Saturday, April 9, 2011

Self-Esteem

"Scientists have not been able to find any correlation between a child's self-esteem and any important behavior or skill in a child's social, emotional, or intellectual life."   Life Skills for Kids

Do not think of yourself more highly than you ought, but rather think of yourself with sober judgment, in accordance with the faith God has distributed to each of you.-Romans 12:3

The point is not that feeling bad about ourselves is good, but rather that only two things can truly change how we feel about ourselves. Real accomplishment and real love.
The Problem of Self-Esteem

In recent decades, there was a pop psychology fixation on developing self-esteem    This seemed to be thought of as a cure-all and elixir of well-being.   Then evidence started coming out that whatever phenomenon was defined as "self-esteem" was in fact not correlated to any kind of measurable success.   Some conservatives, suspicious of secular pop psychology, often critiqued the concept sharply, but sometimes they inadvertently muddled distinctions by making achievement or behavior a test of the validity of the term.

"Self-esteem doesn't help kids get better math scores."
"People can have low self-esteem and still succeed in being historically notable."

The problem with this kind of statement seems to be in what it concedes.... that esteem is purely about the exterior, that self-worth is a quantifiable.  Isn't that falling into a slightly older form of pop psychology -- the behavioristic emphasis on exteriors, on measurable outcomes, as the only valid criterion for a psychological concept?

I recently reread Smart Love by William and Martha Pieper, and though I didn't subscribe to everything in the book, I did like their distinction between primary and secondary affirmation.    Benedict's Rule sketches the difference implicitly.    God loves the sinner.   He loves him totally without condition.   Our Savior died for us while we were yet sinners.   Yet God is pleased with the righteous man.    The righteous man, through grace, is part of God's life in a way that the sinner is not, while yet a sinner running from God.   The prayer of a righteous man avails much. 

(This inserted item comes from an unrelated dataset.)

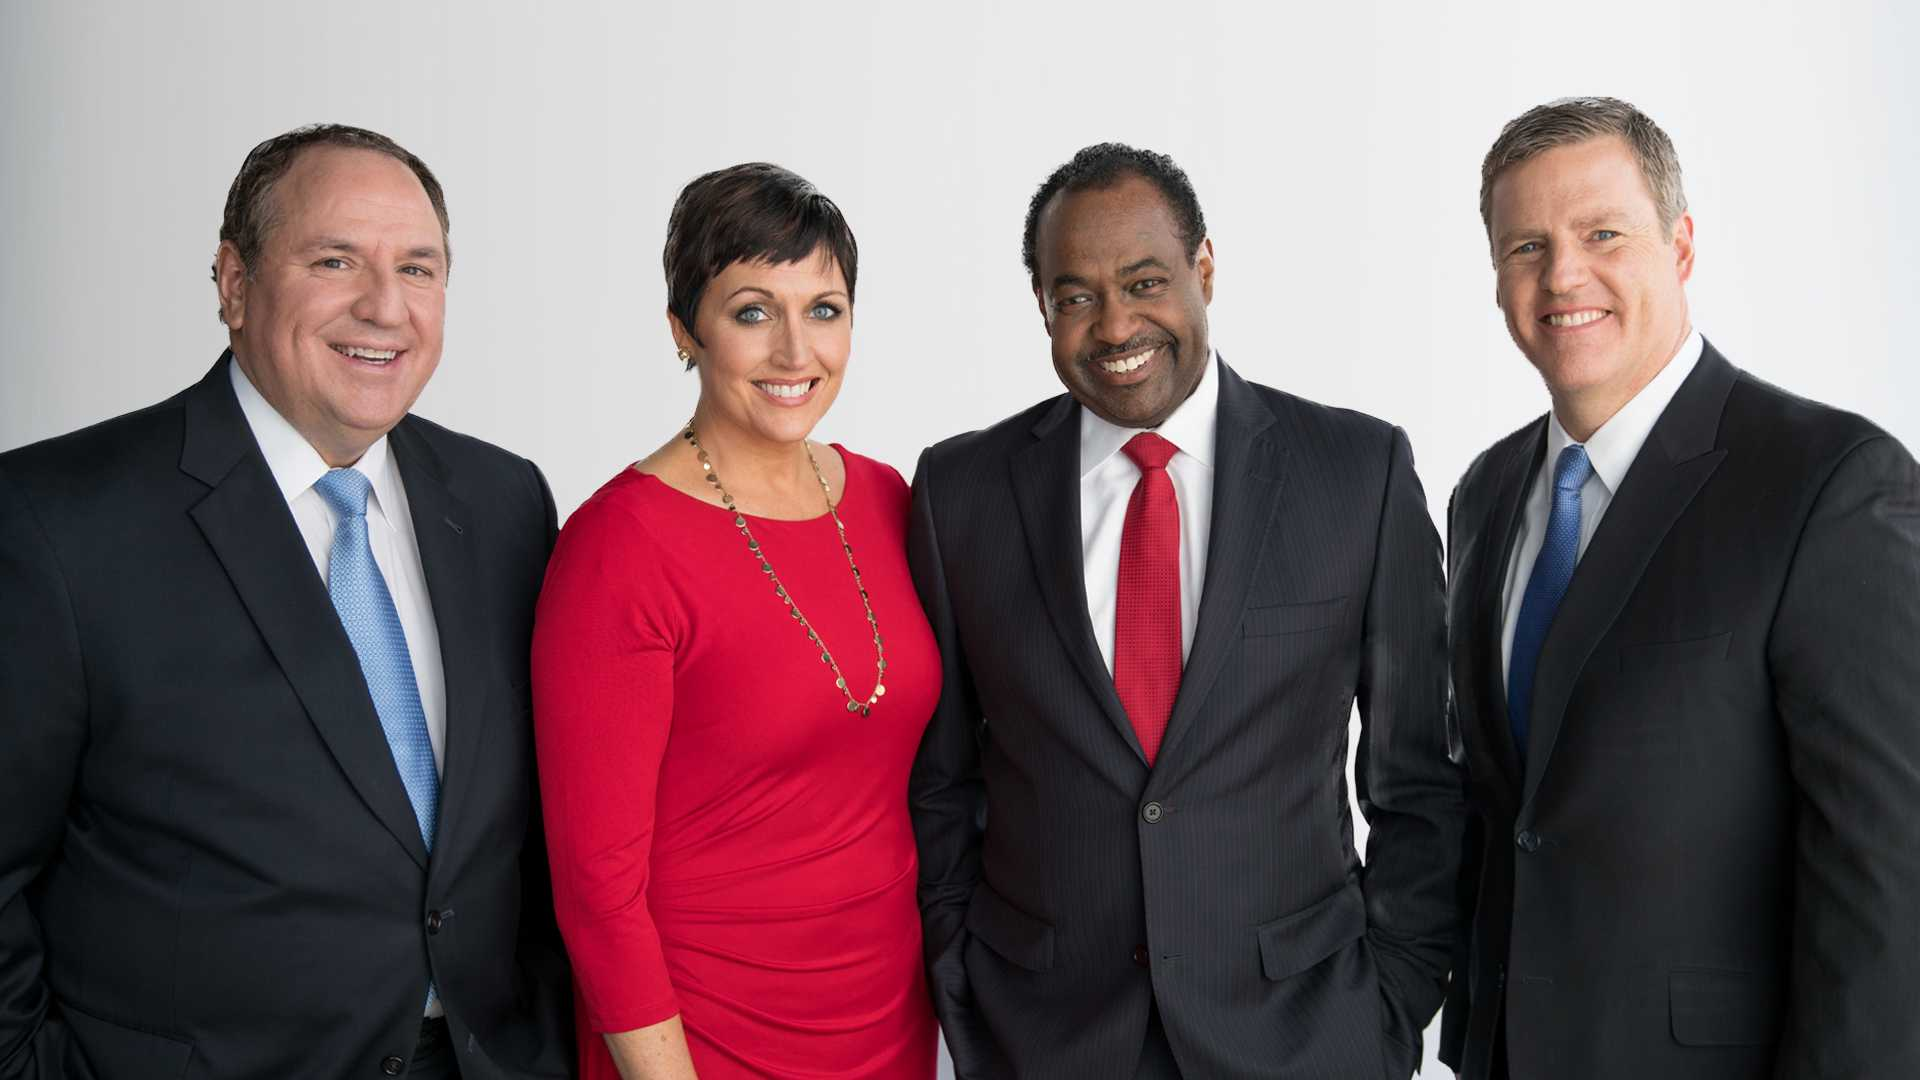 KMBC/KCWE Anchor Appearances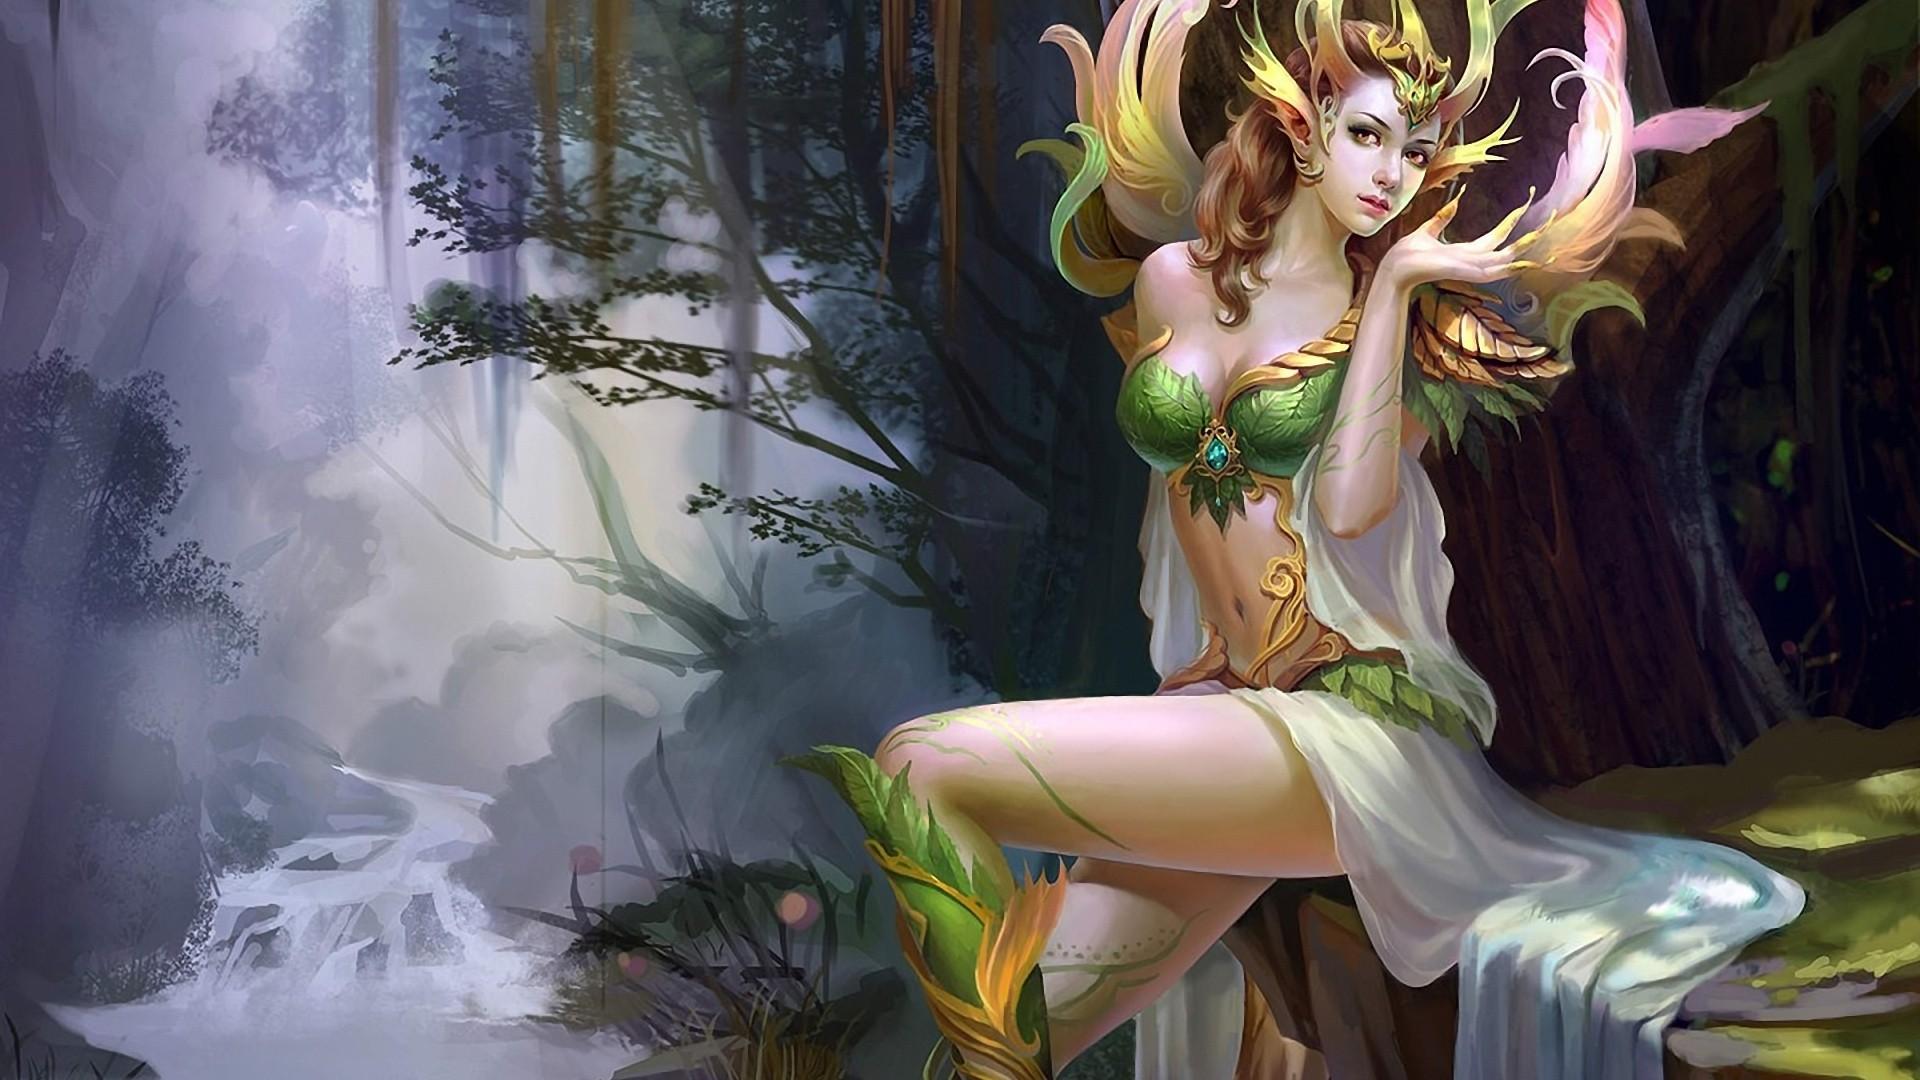 Fairy a wallpaper

Primary affirmation, to bring it across to secular psychology terms, is concerned with the child as he exists.  His first need is for sacrificial love and a basic kind of safety.    The physical emblems of love and safety are nourishment and holding.    But just food and a secure container aren't really enough --  nourishment and holding are associated from before birth with physical, relational closeness to another human (the mother). 

Sure, there are other ways to compensate for the lack of this.  Aidan spent his neonatal days flat in a hospital isolette receiving nutrition through a nasal tube.   He's OK emotionally now; we stayed as close as we could then and afterwards. 

Now, secondary affirmation comes slightly later.  The child is carried and observes and reaches and later crawls and walks.    He becomes aware of himself as an agent.   People respond to his voice and expression and what he does.   Later on he develops skills and habits that lead to further successes.   Secondary affirmation has to do with competence.

I think both are good but they aren't meant to stand in for each other.   You want a child who is loved unconditionally as he is, and a child who is approved of for what he does.  In a family it comes naturally to develop both of these alongside each other.   Placing them in opposition is probably not very safe.    A person who develops his self-image based only on what he achieves is a walking Russian roulette.   A person who thinks the world owes him homage just because he wants and craves and hungers is basically a grown-up baby.